I have used both models, and did database-first extensively, for at least 15
years. However, having been working in .NET lately and having EF Code First
migrations (painful, but read on), I did discover a sort of hybrid model that
worked.

Eventually, I believe you will always end up at database-first, even if you
start code-first, unless your database is relatively small (by # of
table/procs/views count) or limited in scope. But as applications grow,
multiple databases become a reality, the database might grow truly huge(# of
tables/procs/views), you might need customization to your database platform,
etc. - limiting it by the application / code-first becomes impossible.

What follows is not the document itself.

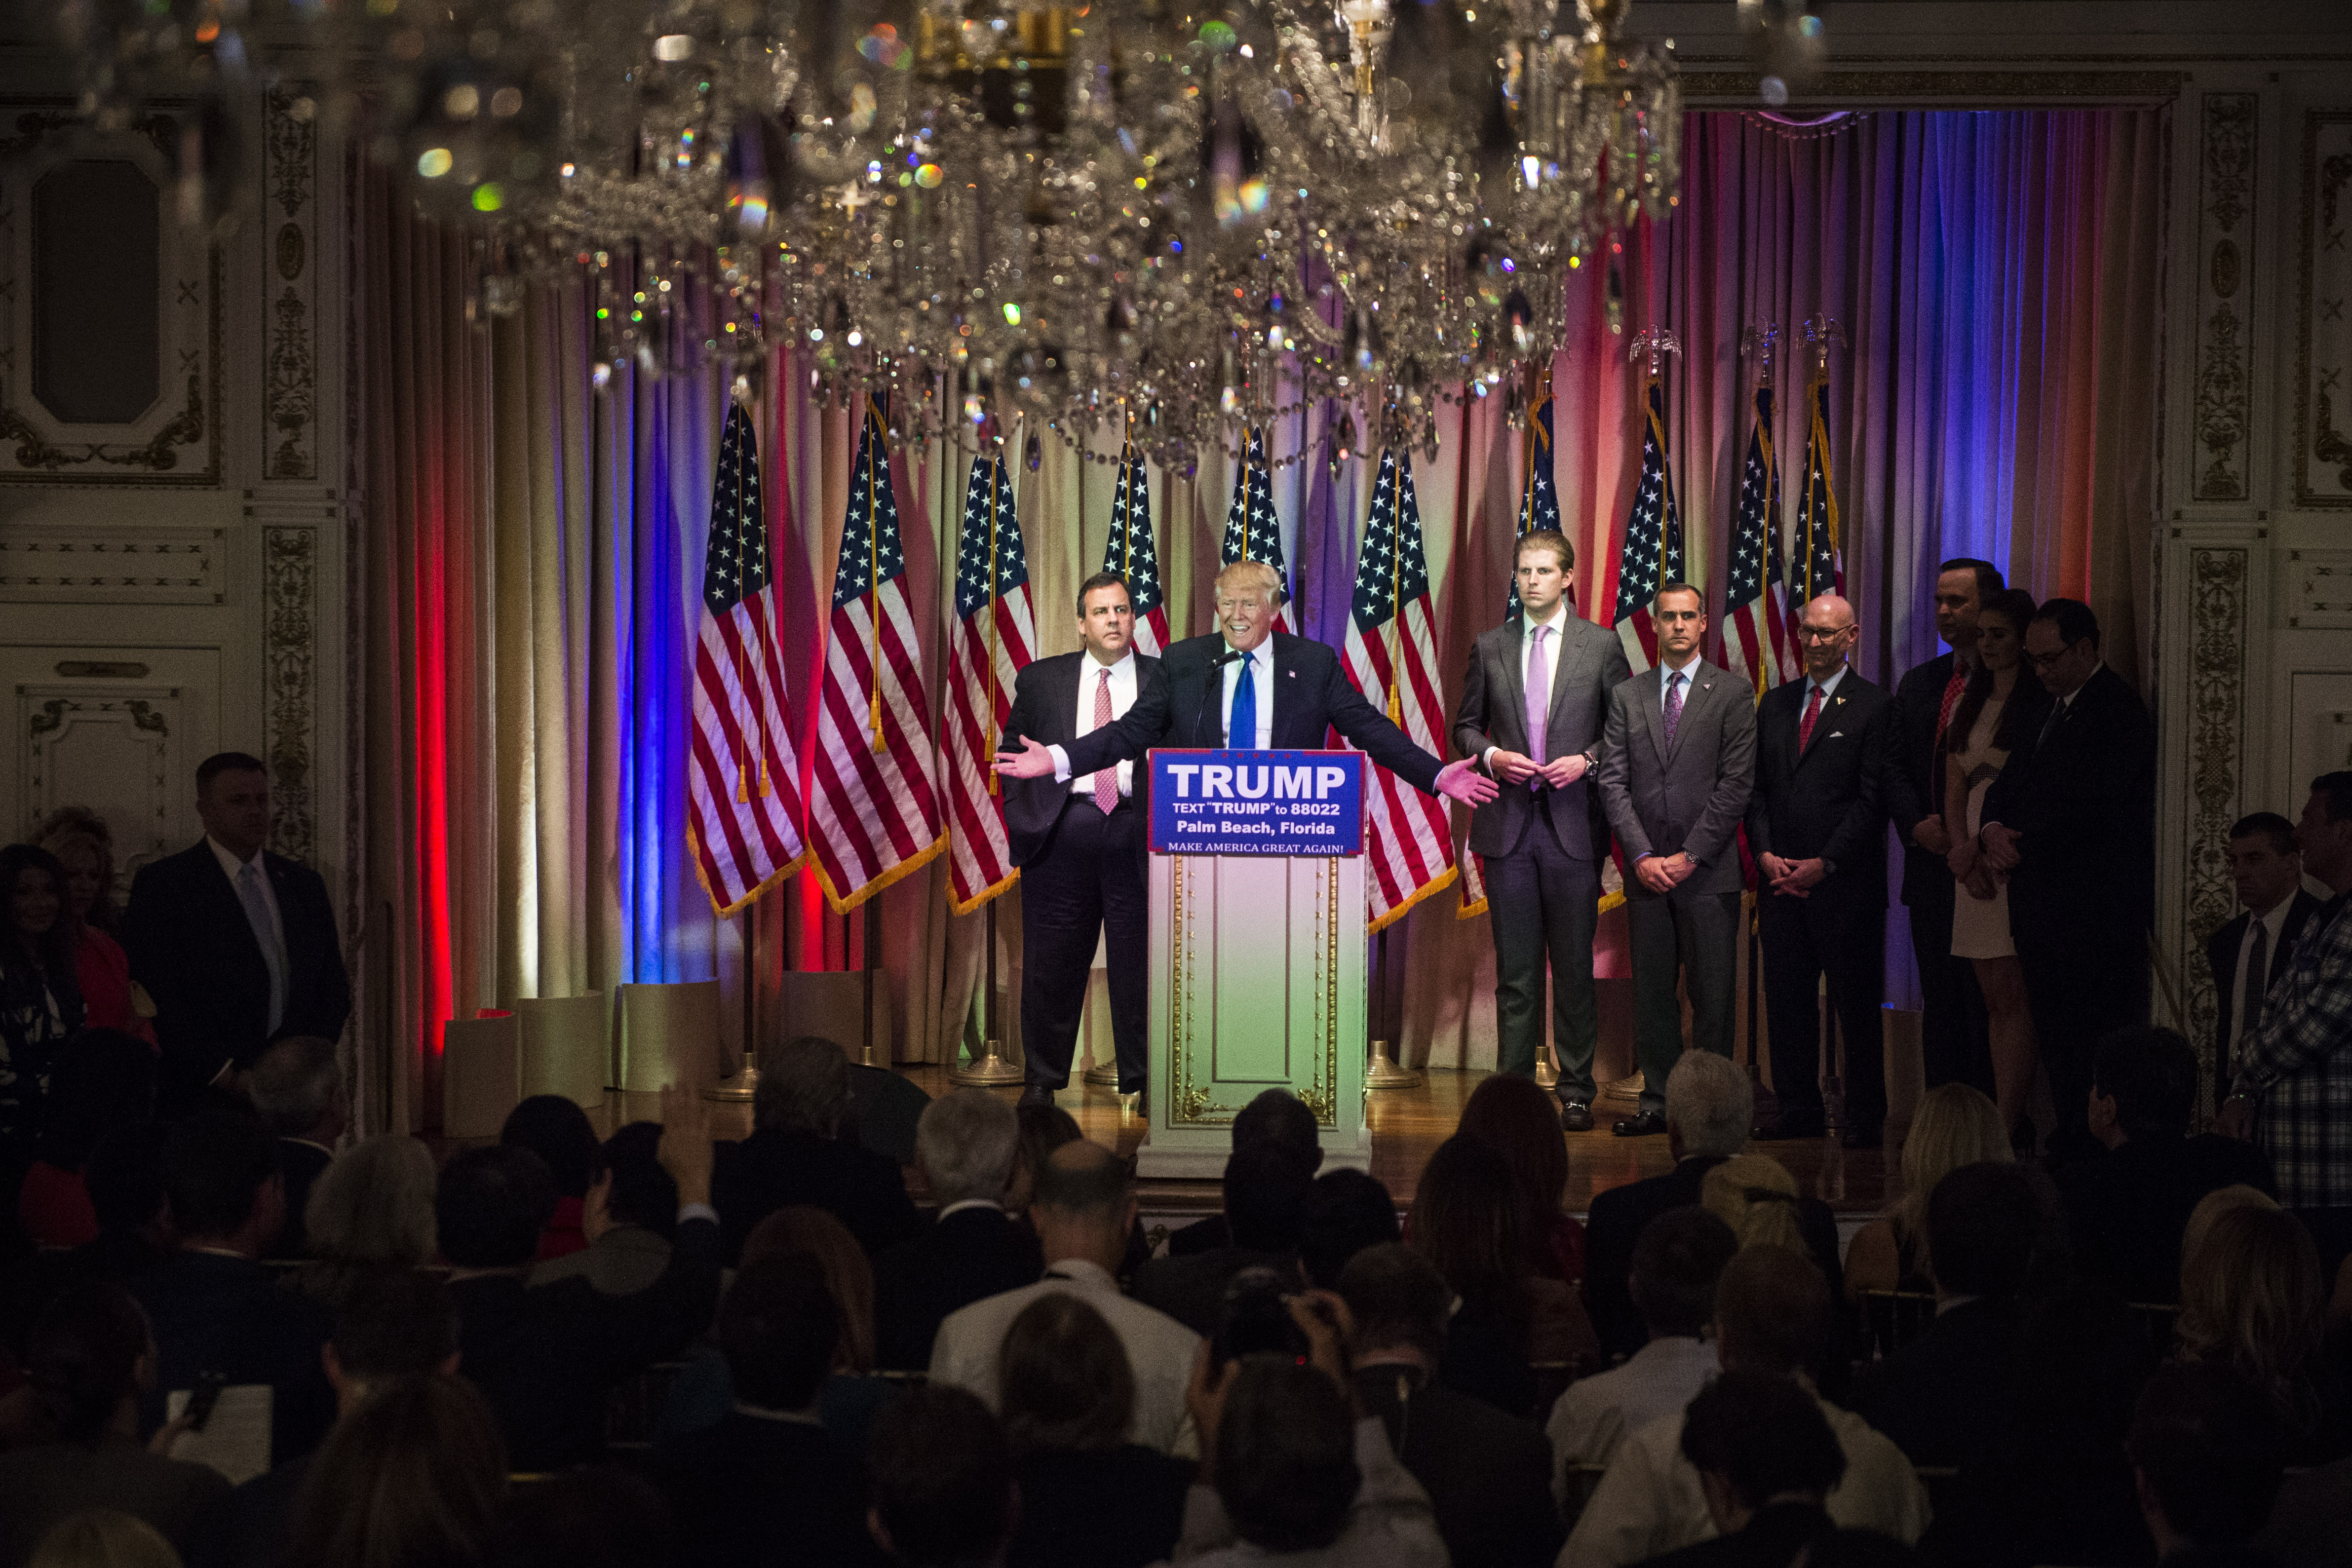 Republican presidential candidate Donald Trump speaks, alongside New Jersey Gov. Chris Christie, left, during a campaign press event at the Mar-A-Lago Club in Palm Beach, FL on Mar. 1, 2016. (Jabin Botsford—The Washington Post//Getty Images)

Where code-first works well, for me, is limited scope OR, more importantly,
when you need really fast iteration for prototyping and don't want to think
about building the tables. I've found that use case, code-first can be really
helpful to think in code, let the system generate the database, at least
enough to get to an MVP or PoC type-level of work product. Then, once it's
working enough, to really take it all the way, switching to a database-first
approach to do all the customizations to a particular database platform's
strengths, etc. can work - I've done it myself on several projects
successfully.

The tooling is almost there to do this... just start code first, and then once
you have your system bootstrapped, generate the database first model and
switch. But, you have to be careful with naming things so that names of things
in your code match up (or can easily be updated) if you switch from code-first
to database-first - something that not all code generators let you control
completely (most template-driven ones do, though).

------
steve-chavez
If you're using PostgreSQL, I invite you to try PostgREST
[https://postgrest.org/en/v5.0/intro.html](https://postgrest.org/en/v5.0/intro.html)
which takes the database-first approach even further, with PostgREST you
develop all your business logic in SQL, there's no code generation, no ORM,
which no matter how elegant will always impose a performance and abstraction
overhead(to do an aggregate you have to read the ORM docs, learn/understand
the abstractions, add the code, all of this in addition to what you already
know how to do in SQL).

Check the API
[https://postgrest.org/en/v5.0/api.html](https://postgrest.org/en/v5.0/api.html)
for more details on all the features that work out of the box, no ad-hoc code
needed.

------
mnm1
I couldn't agree more. The code first design is what kept me away from Rails.
I'm sure they have sensible approaches as well, but unfortunately I couldn't
get over my prejudice that anyone who teaches the creation of the database
through the app's code instead of actually designing the database is someone I
don't want to follow or learn from and whose framework I don't want to use
even if it provides alternatives (I hope it does). Database design in a CRUD
app is by far the single most important task. Show me your code and I know
nothing, show me your data structures and I understand the whole app never
applied more.

The consequences of not following this advice I see everyday at my current job
where we are stuck with an ORM that needs at least 3-4 files modified for each
entity change and that requires management using an external GUI tool. The ORM
adds 10x overhead to already unoptimized SQL queries so optimizing the queries
is never a problem because the system's overhead is so slow even if it was
possible to make the queries run in zero time, the overhead would still kill
us. 10x. Query is 10ms and overhead is 100ms. And the trade-off for this?
Nothing but a shitty ORM that makes no sense (Doctrine 2/PHP) and slows down
development a few times over as well. Changing even the name of a column
requires editing multiple files. We have camelCase, snake_case, and kebab-case
for all our entities and depending on where you are in the system, a different
case is required. Using the ORM to generate entities after you're in
production? Don't make me laugh. That's impossible. And this isn't even the
worst ORM I've used (though it's close). Everything the author mentions and
then a whole bunch of stuff that's a million times worse has resulted from
this drive to abstract away the most important component, the database, and
not have it be the single source of truth. Frankly, it's fucking stupid and
beyond maddening, not to mention slow and due for a rewrite. Never again will
I tolerate this kid of design that ORMs encourage or the use of ORMs at all,
especially if they replace solid database design. I'll leave that kind of
fuckery and stupidity to the rookies.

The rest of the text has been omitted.